_EXERCISE GOAL:_ Your task is to transcribe all of the data below exactly, omitting the images.

_SUPPLIED DATA:_
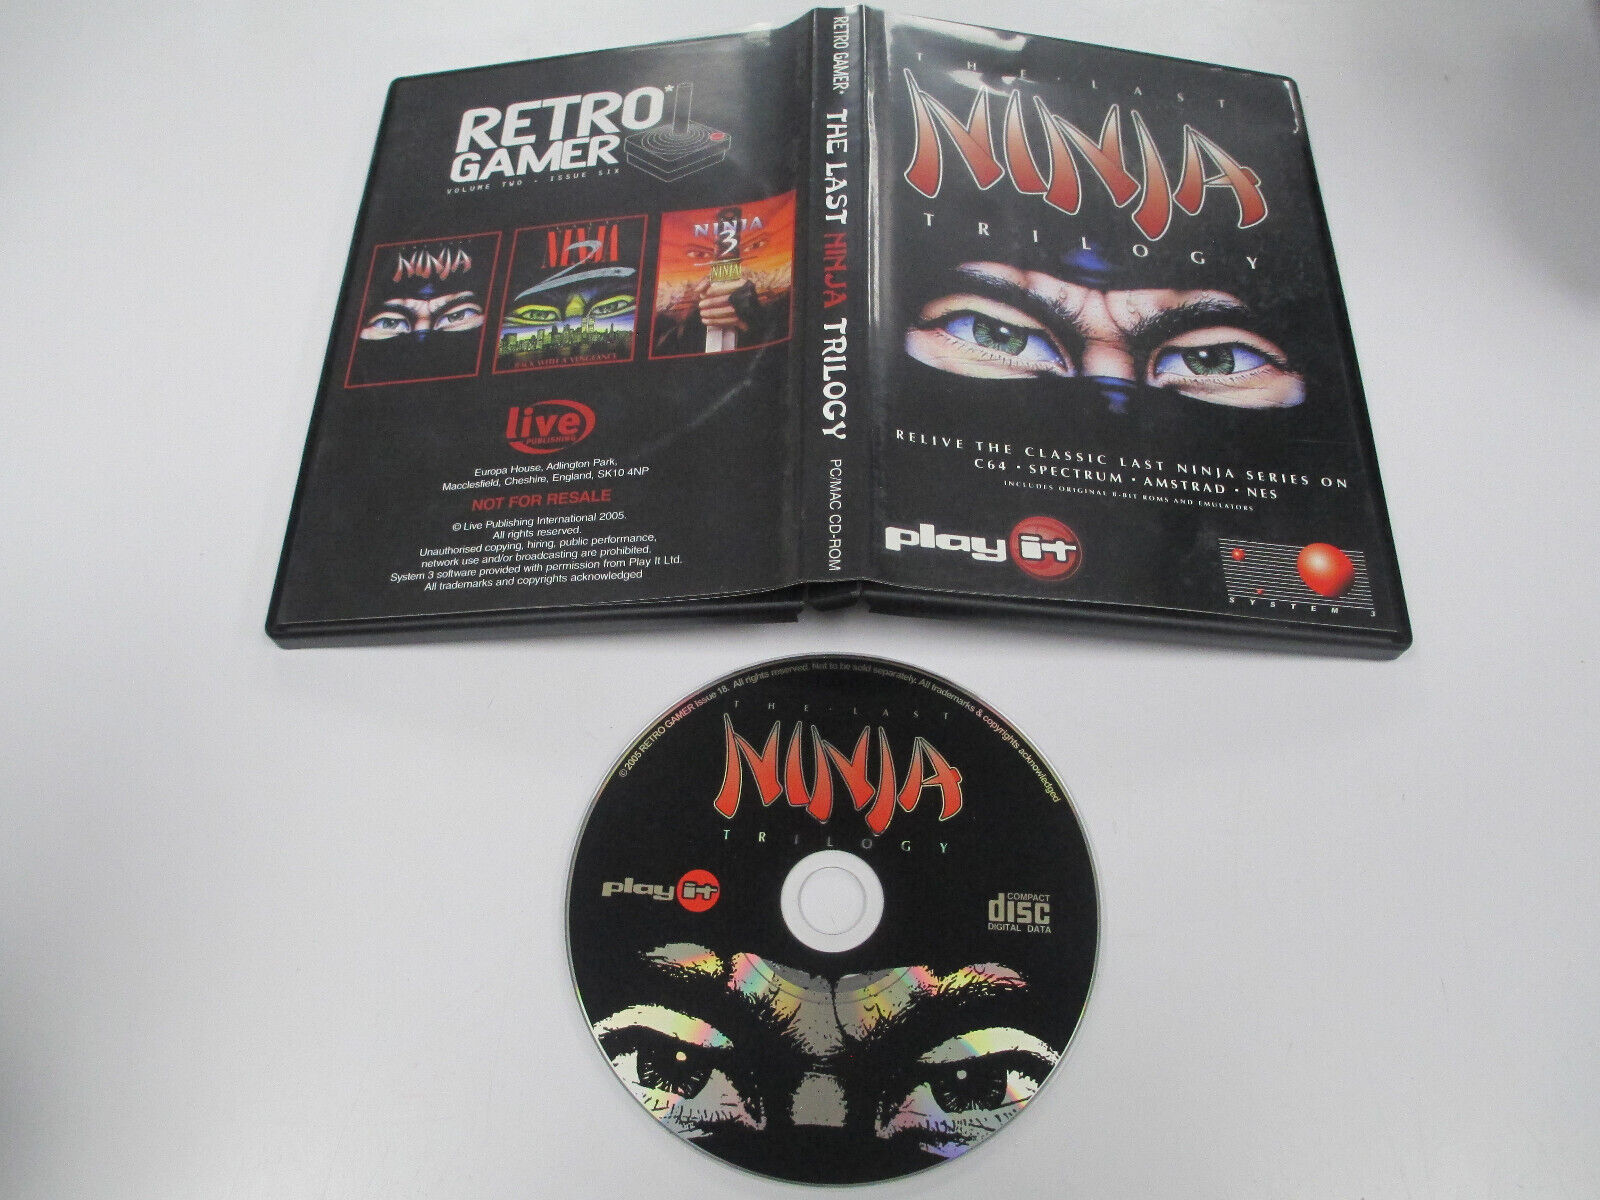 Retro Gamer Volume 2 Issue 6 Cover Disc: The Last Ninja Trilogy (PC, 2005)
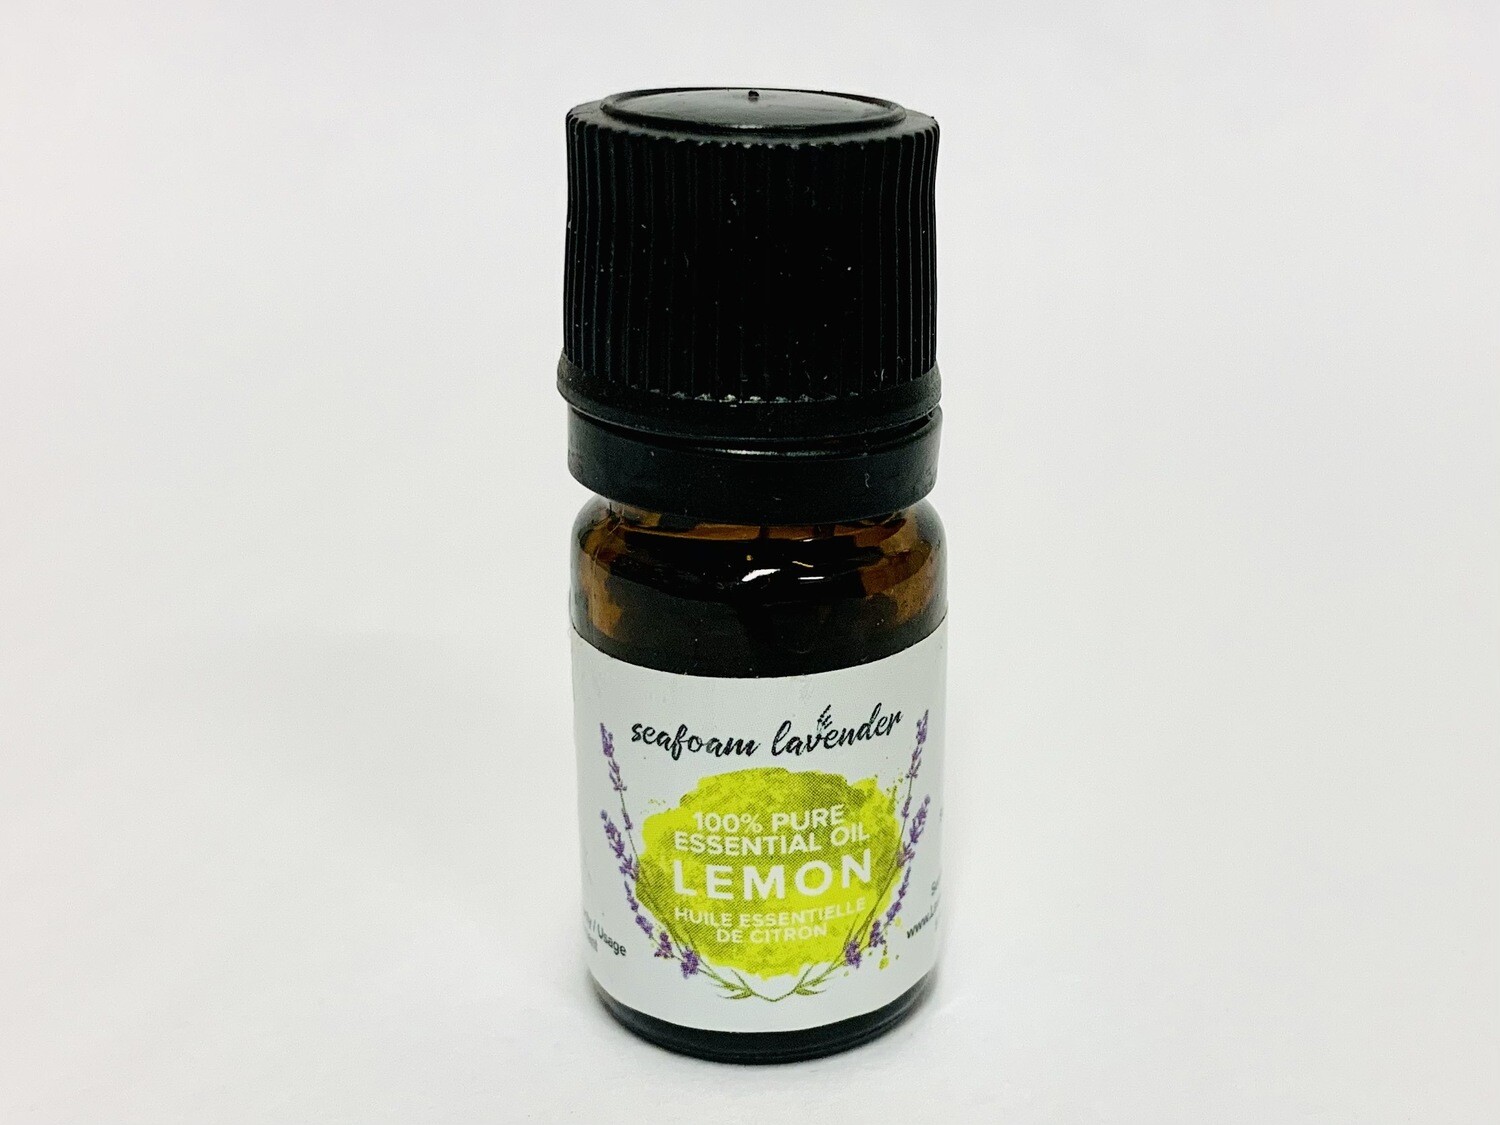 Lemon, Seafoam Lavender Essential Oil
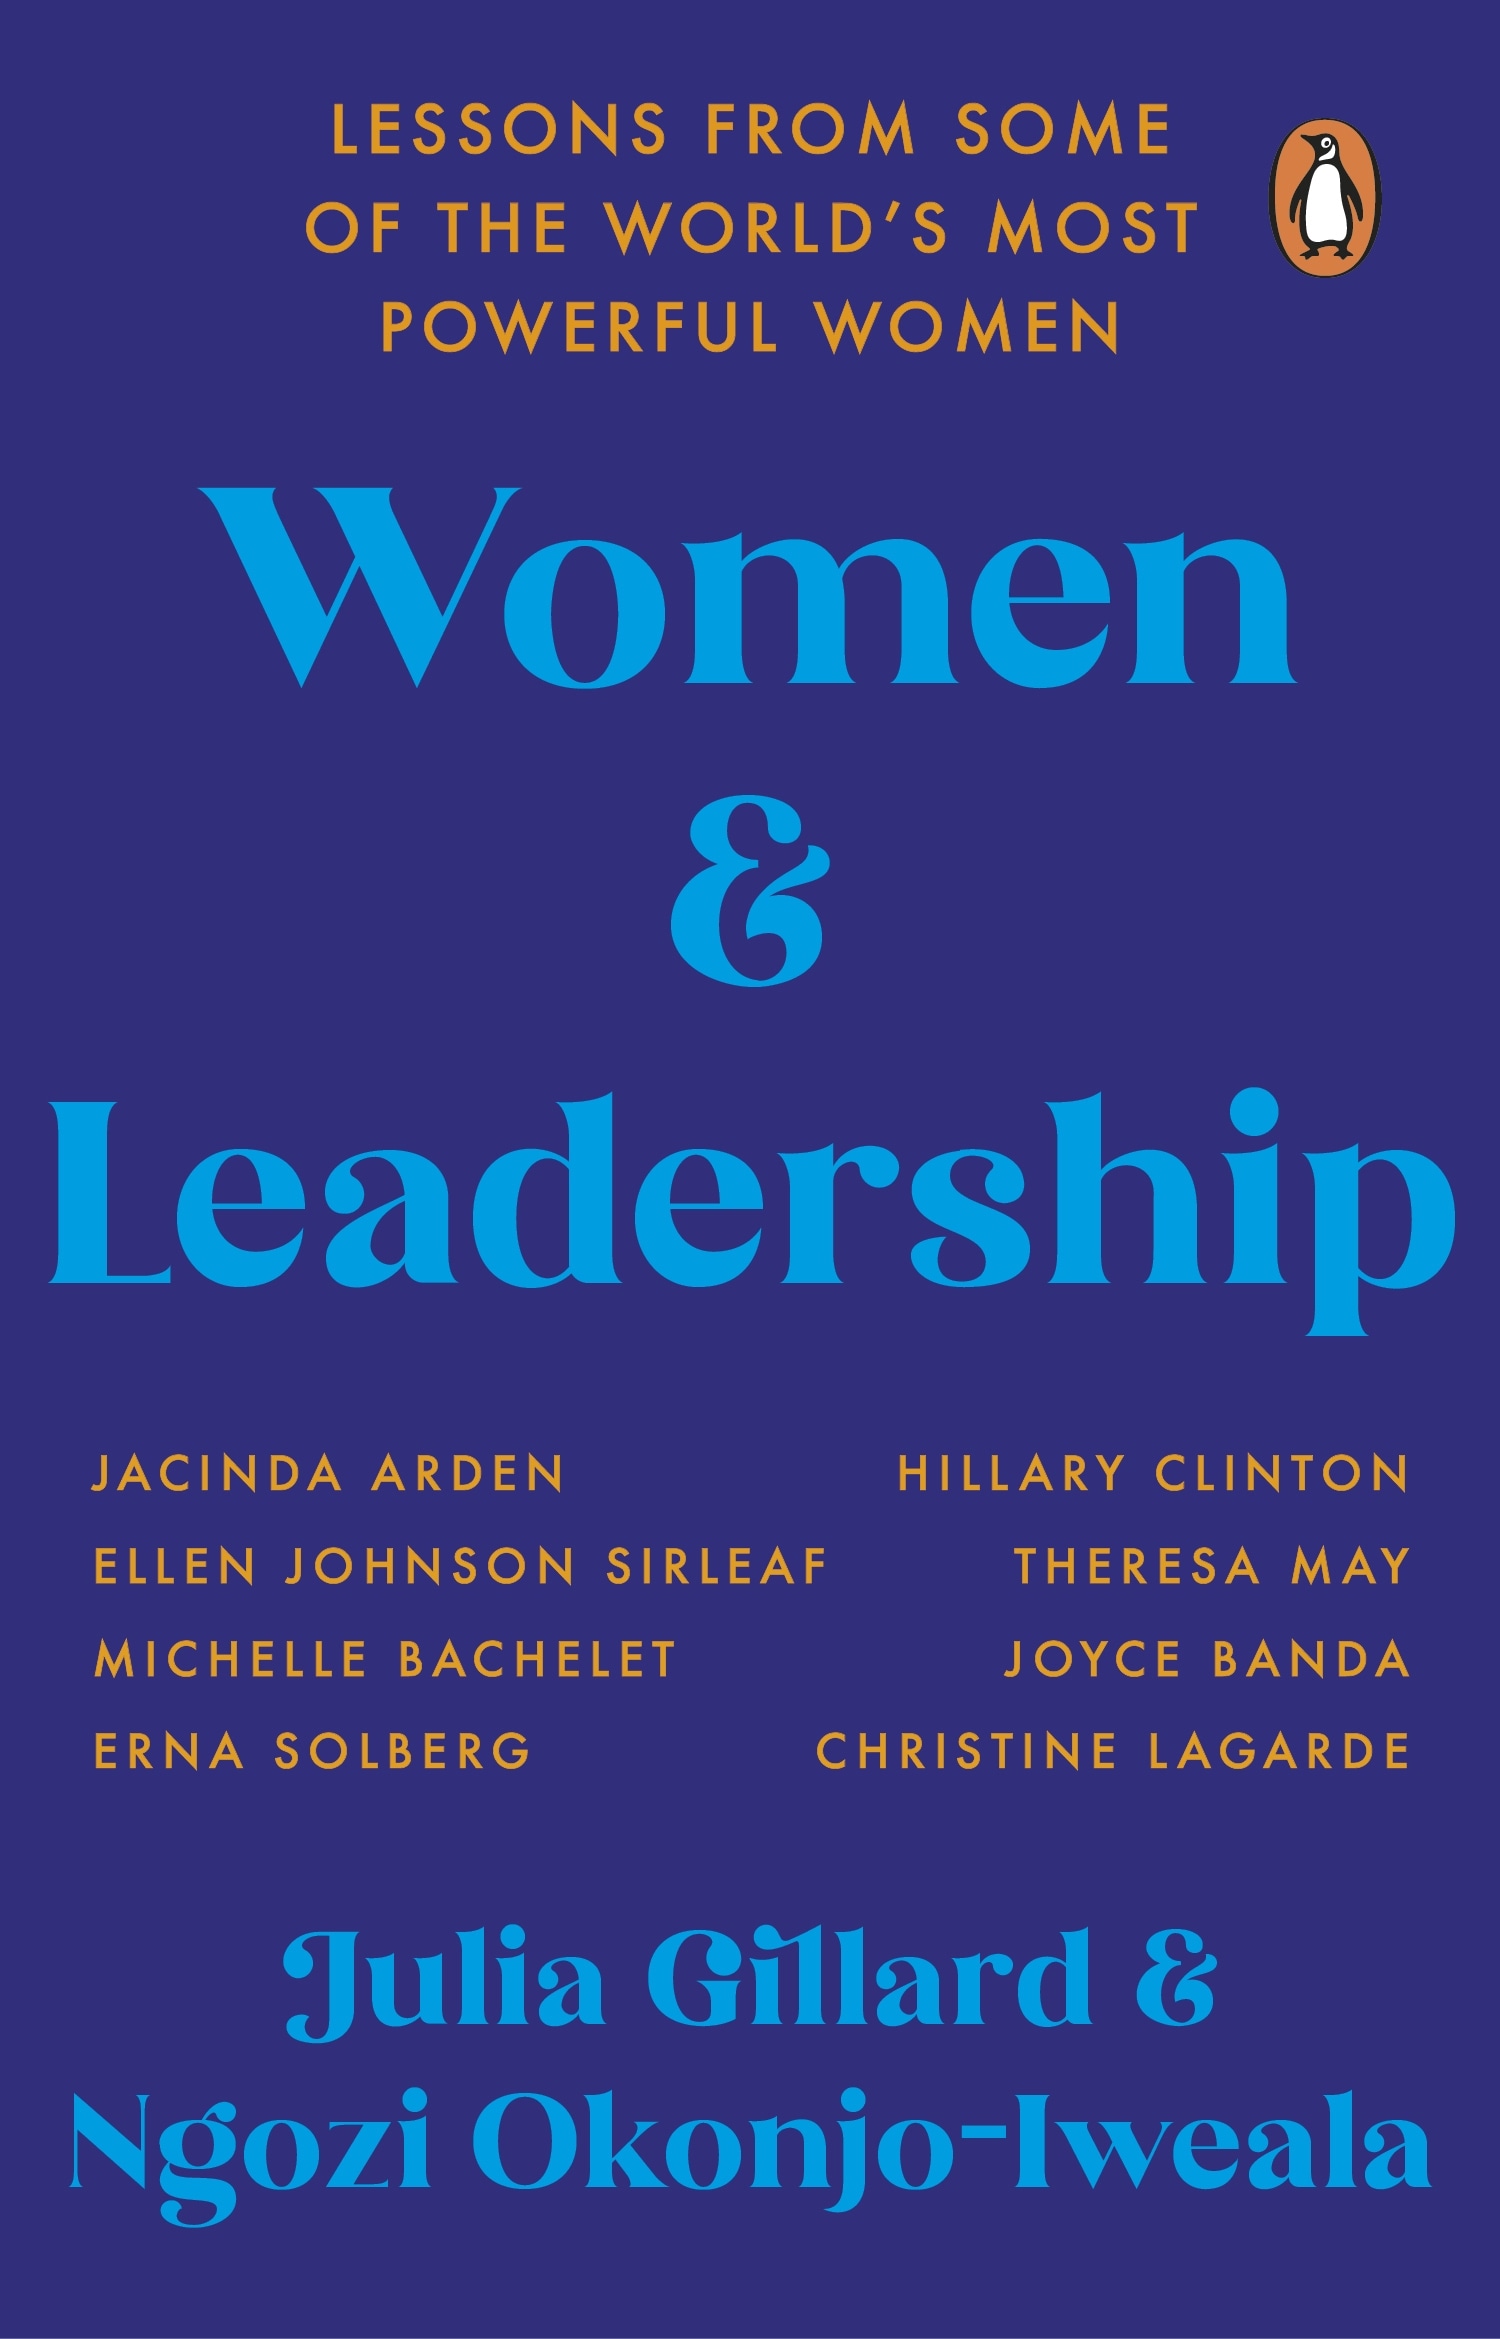 Book “Women and Leadership” by Julia Gillard, Ngozi Okonjo-Iweala — June 3, 2021

_RESPONSE BOX:_
 Retro Gamer Volume 2 Issue 6 Cover Disc: The Last Ninja Trilogy (PC, 2005)
 Lemon, Seafoam Lavender Essential Oil
 Book “Women and Leadership” by Julia Gillard, Ngozi Okonjo-Iweala — June 3, 2021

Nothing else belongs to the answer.